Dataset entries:
____

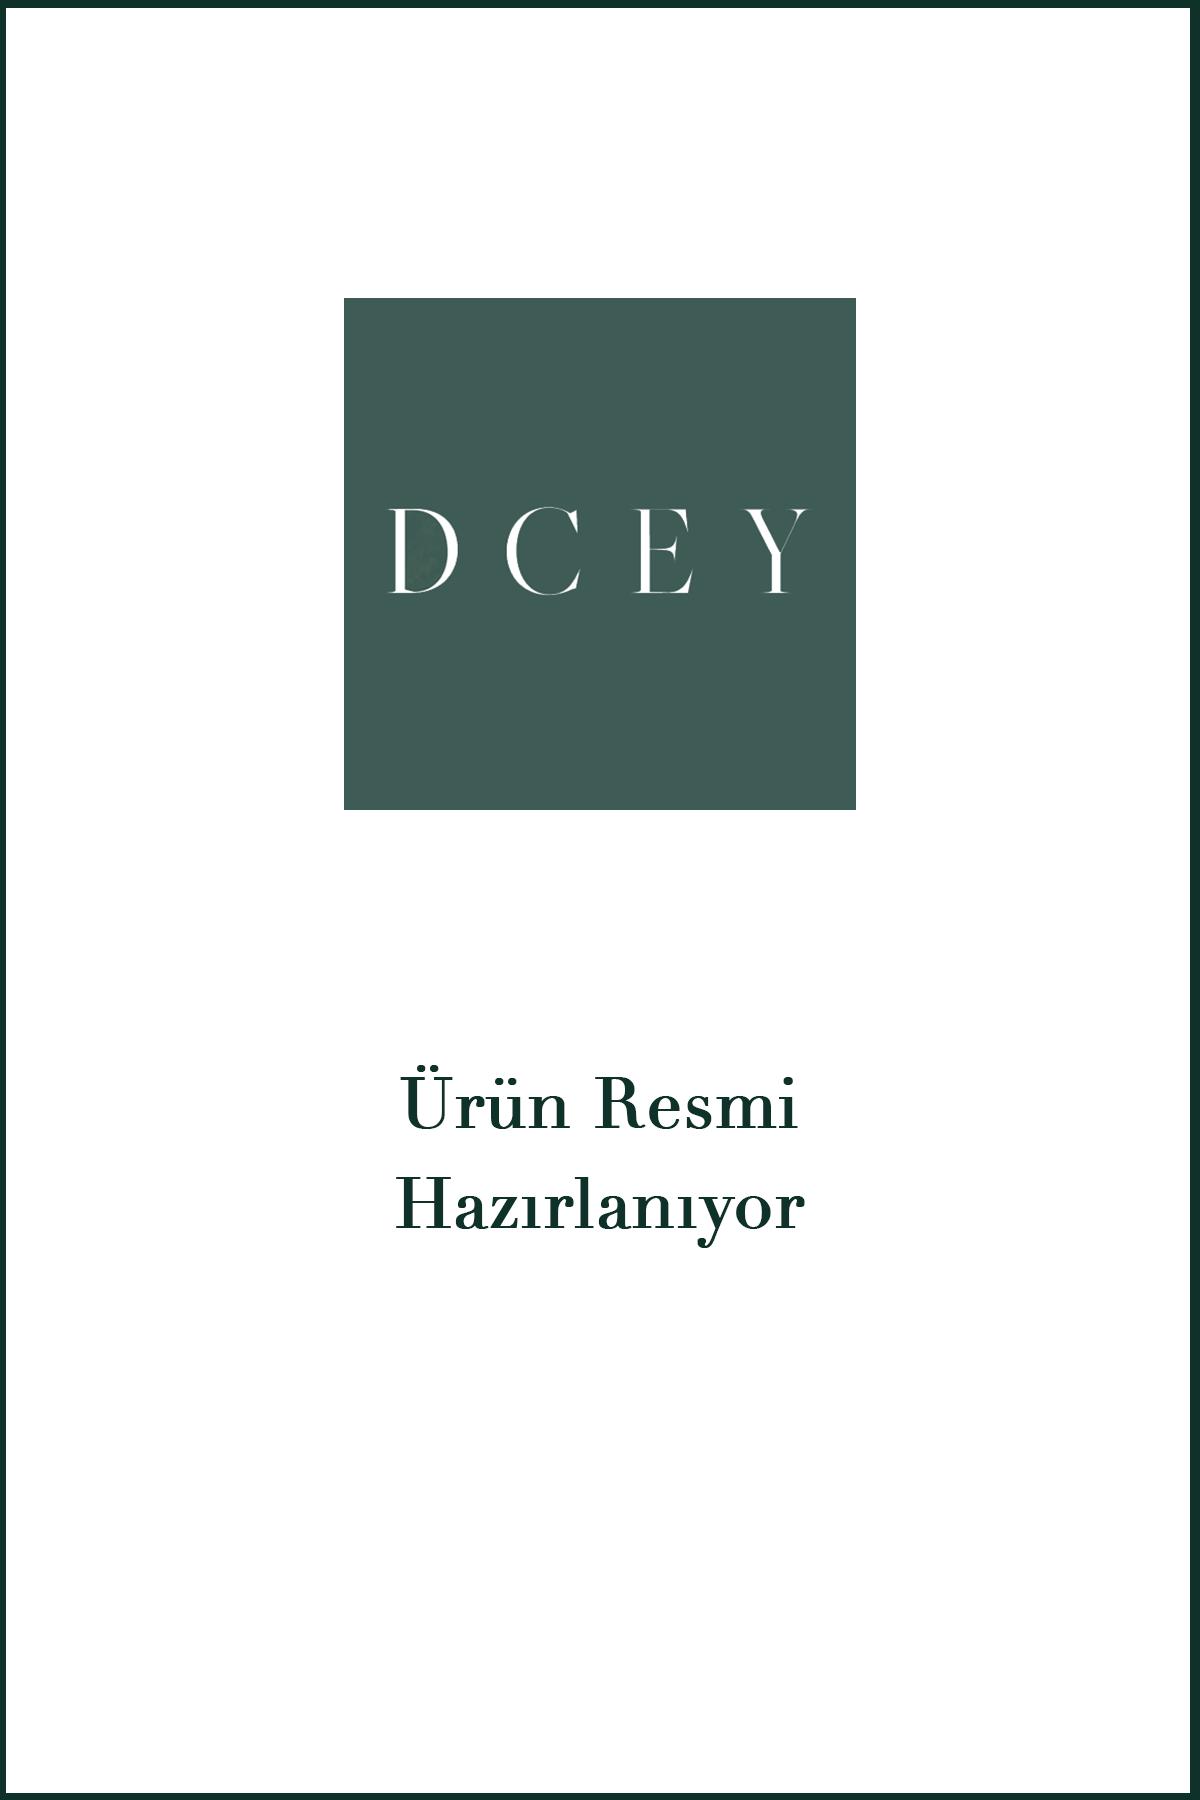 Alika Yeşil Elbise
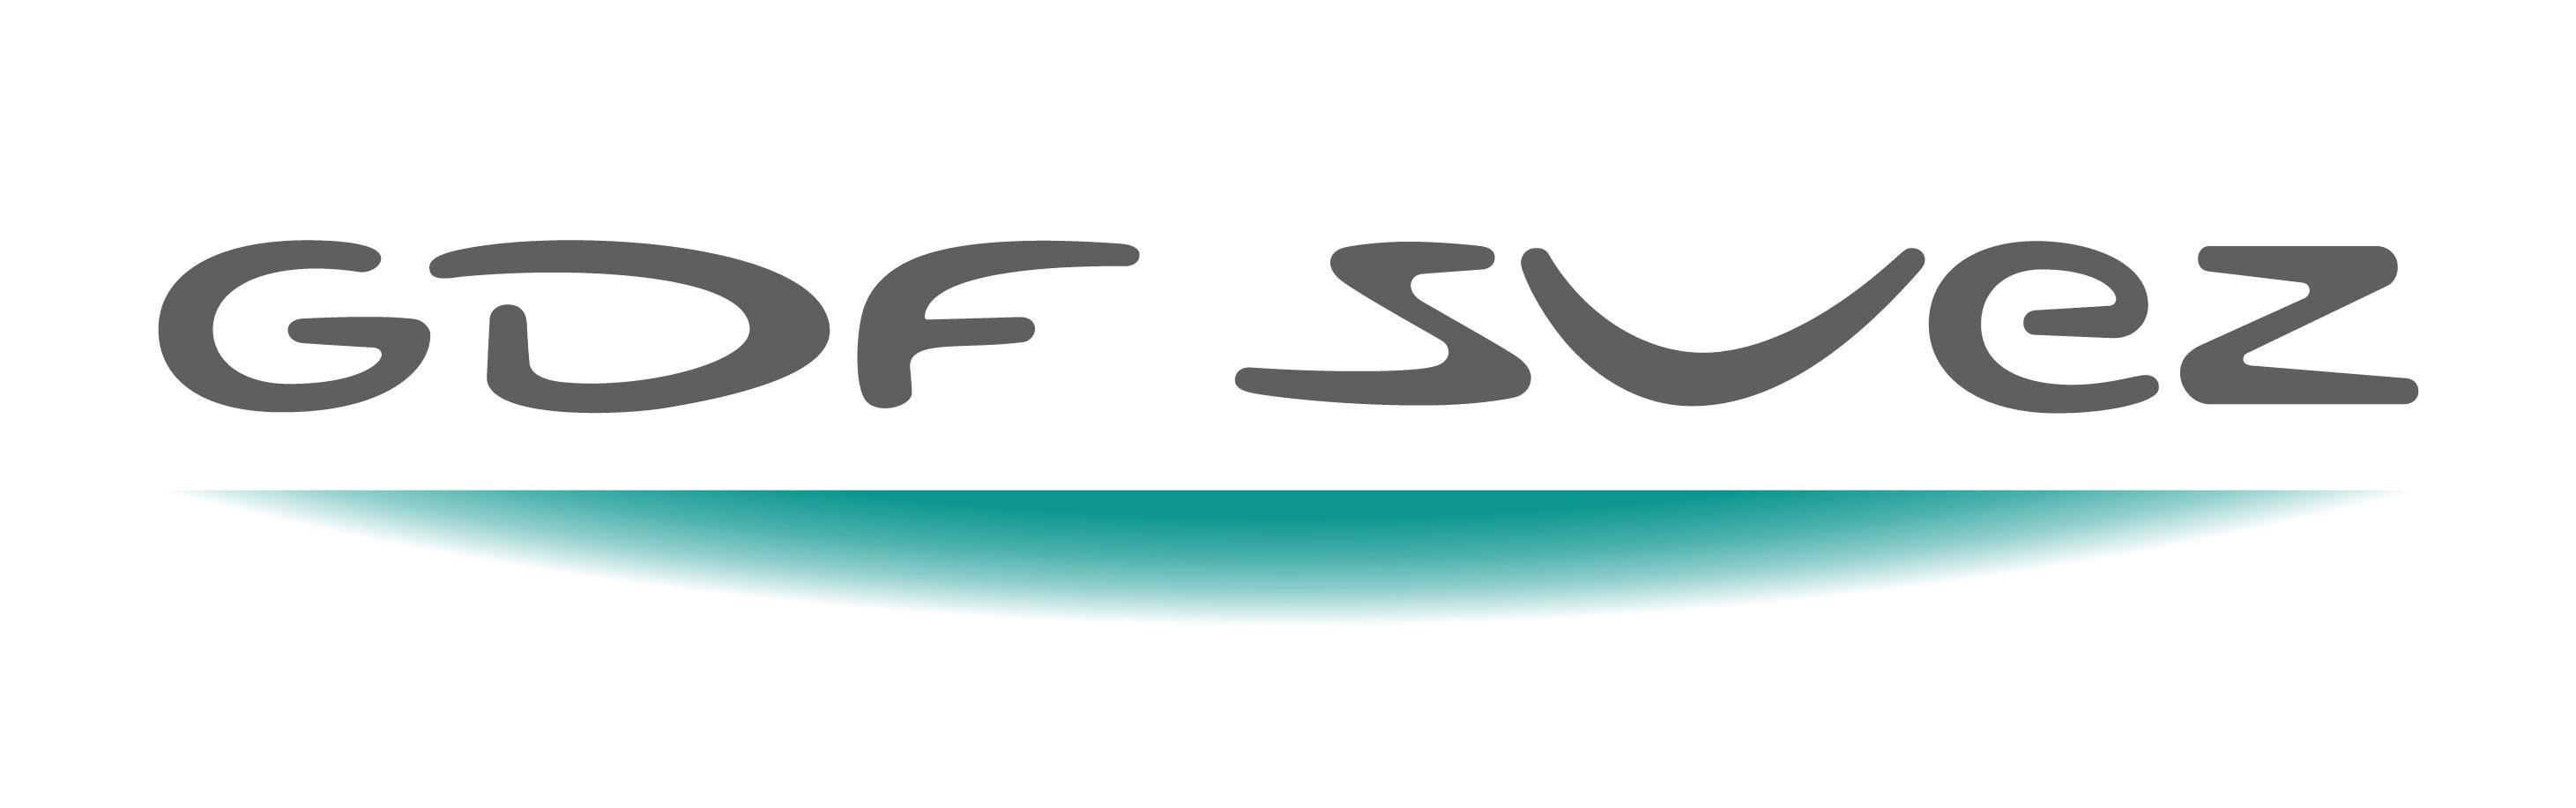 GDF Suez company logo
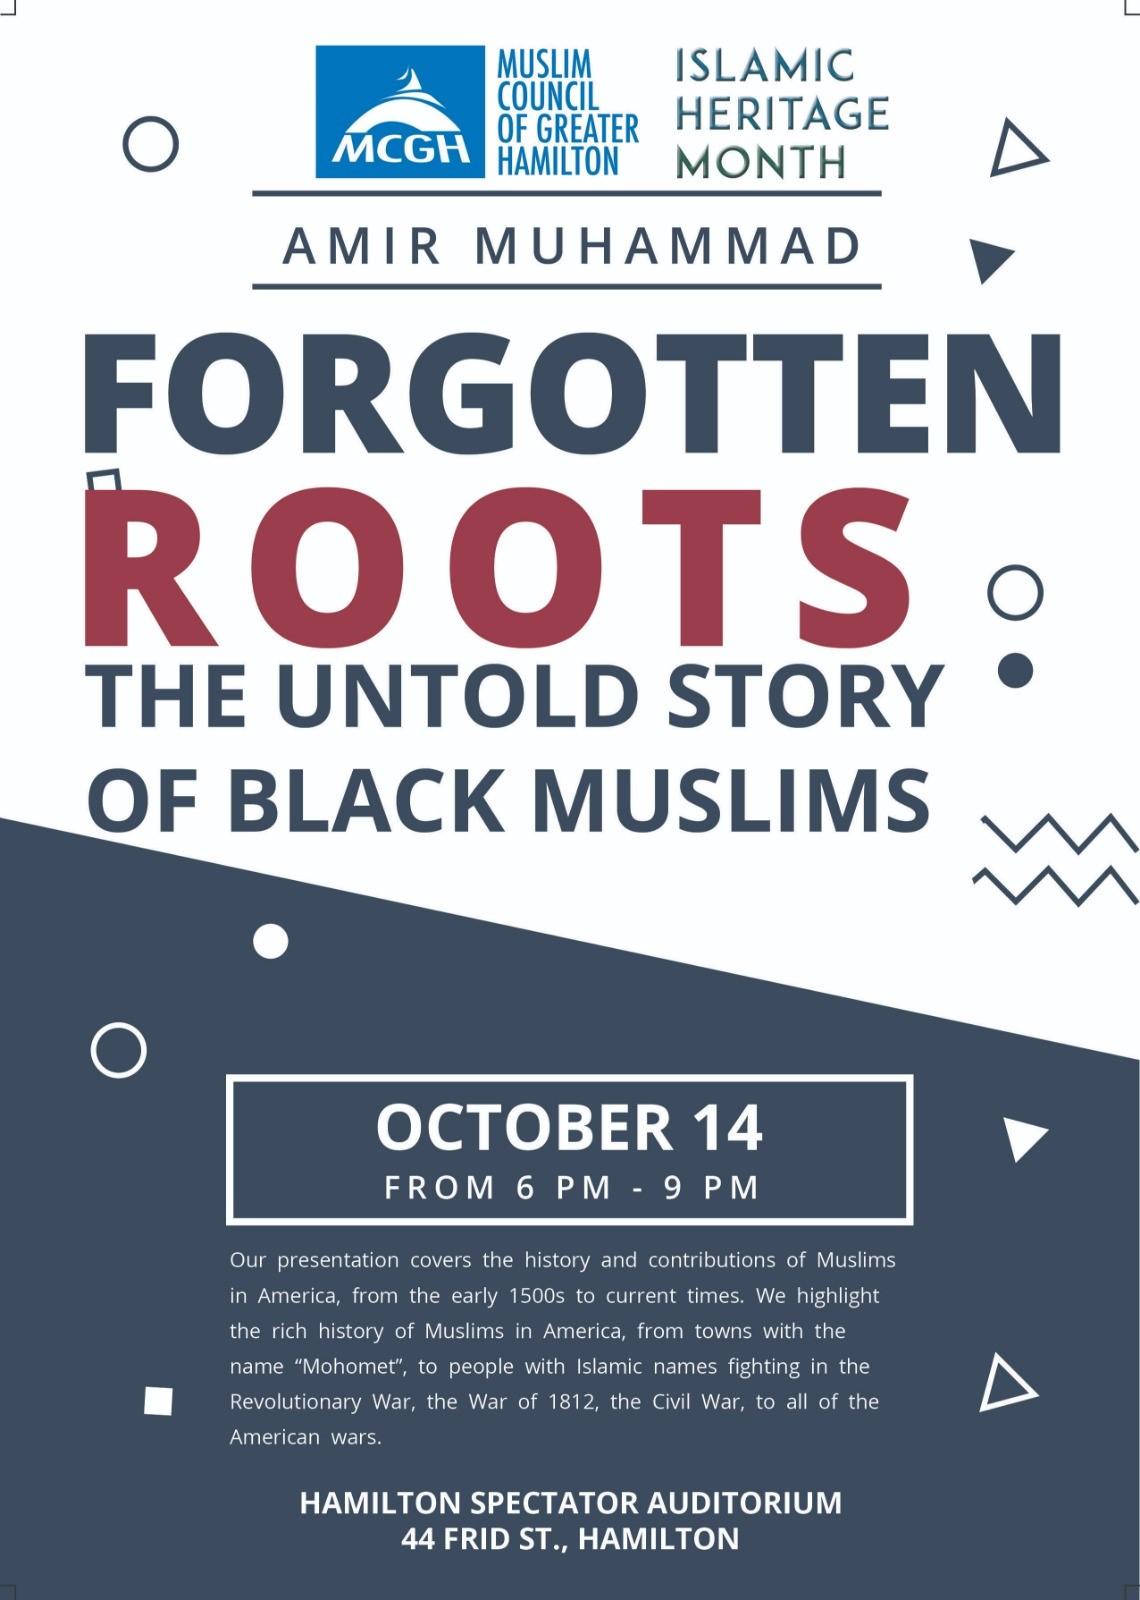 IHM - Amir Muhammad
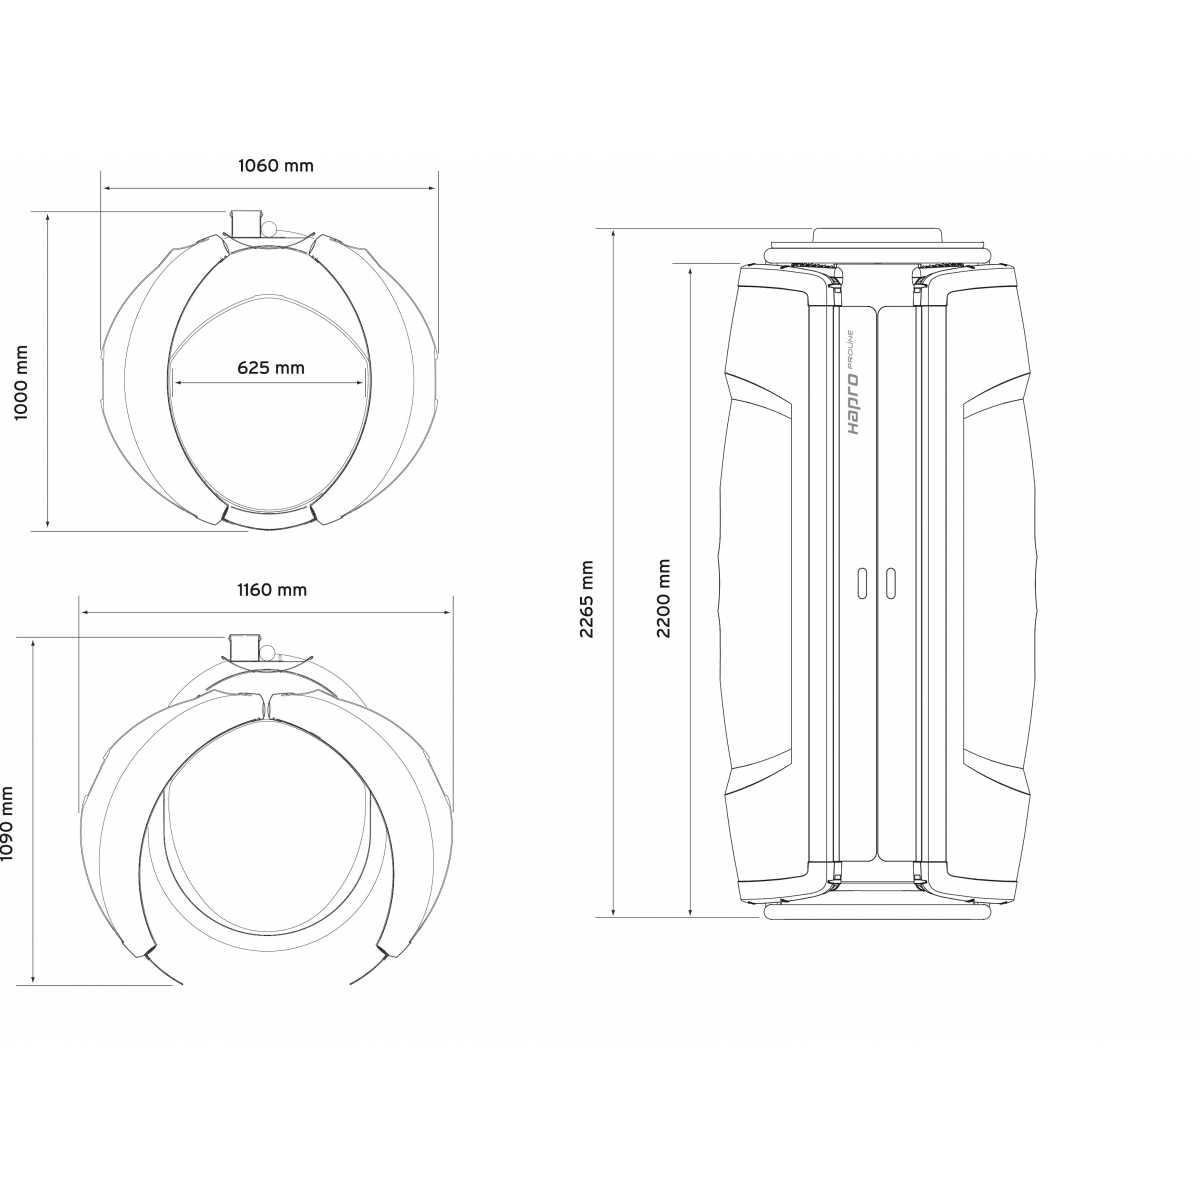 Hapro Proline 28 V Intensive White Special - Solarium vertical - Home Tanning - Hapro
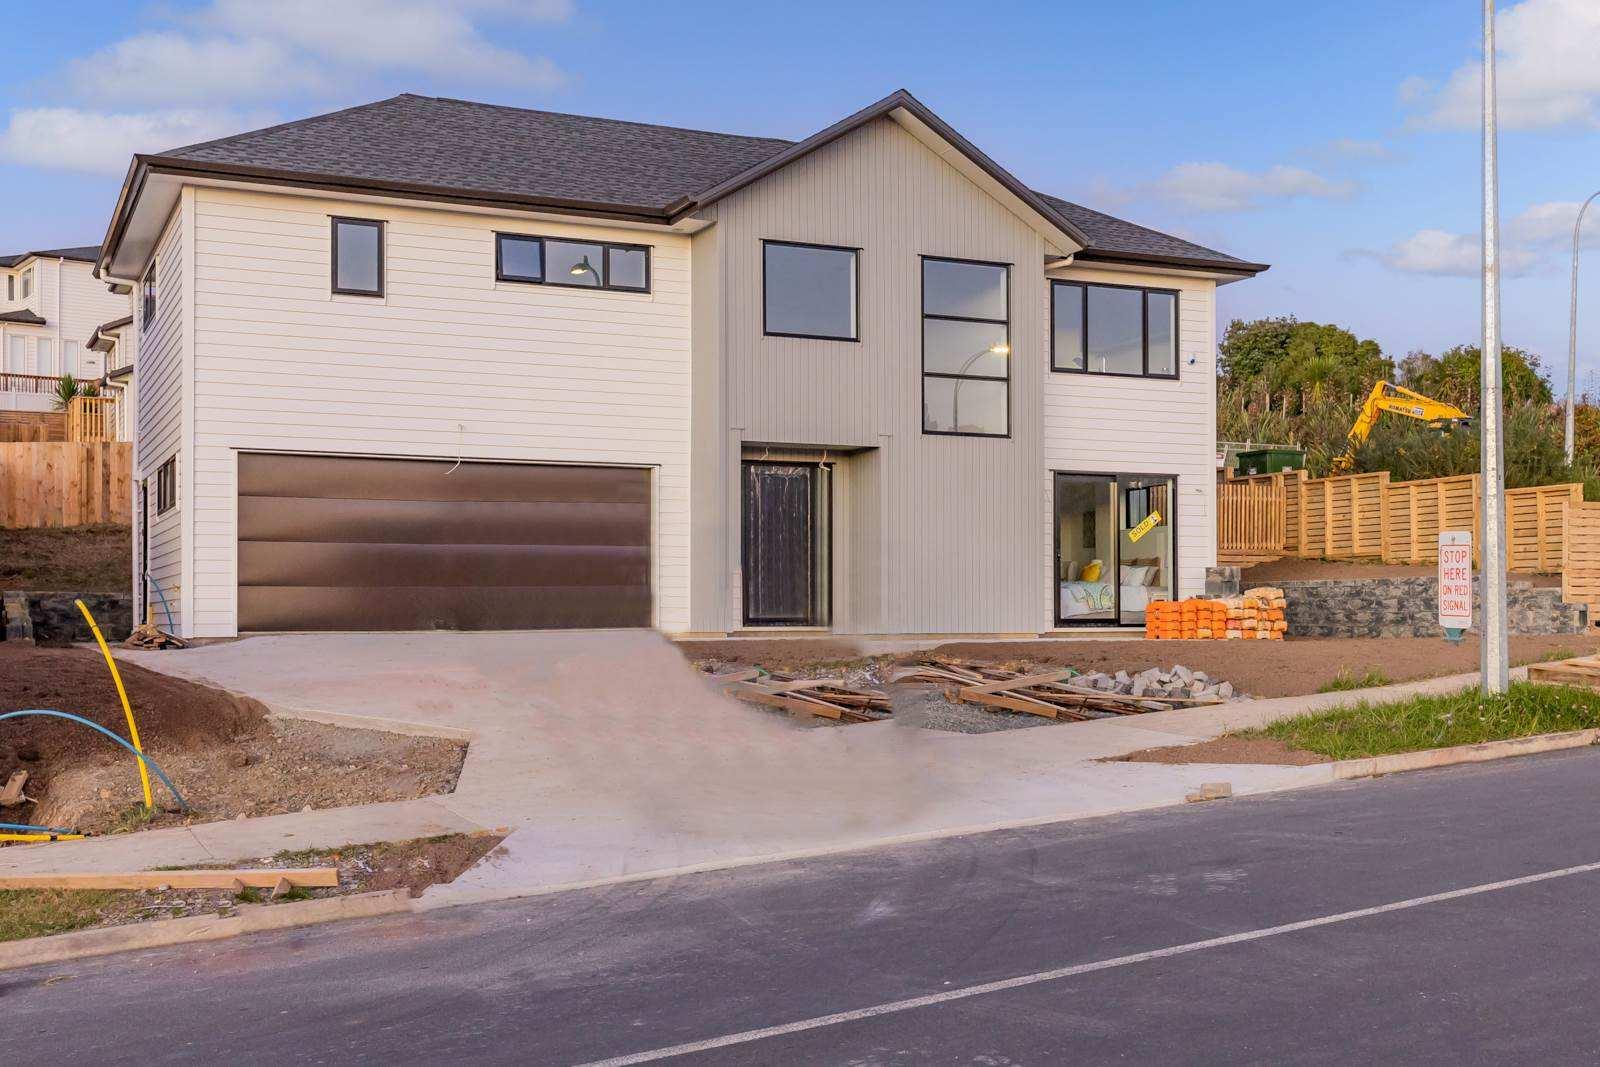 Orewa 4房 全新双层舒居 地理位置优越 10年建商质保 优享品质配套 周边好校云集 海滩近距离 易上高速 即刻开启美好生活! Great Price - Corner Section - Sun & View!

____

_Problem to work on_: The expected answer is the data retyped exactly, without pictures.

_Task response_:
 Alika Yeşil Elbise
 GDF Suez company logo
 IHM - Amir Muhammad
 Hapro Proline 28 V Intensive White Special - Solarium vertical - Home Tanning - Hapro
 Orewa 4房 全新双层舒居 地理位置优越 10年建商质保 优享品质配套 周边好校云集 海滩近距离 易上高速 即刻开启美好生活! Great Price - Corner Section - Sun & View!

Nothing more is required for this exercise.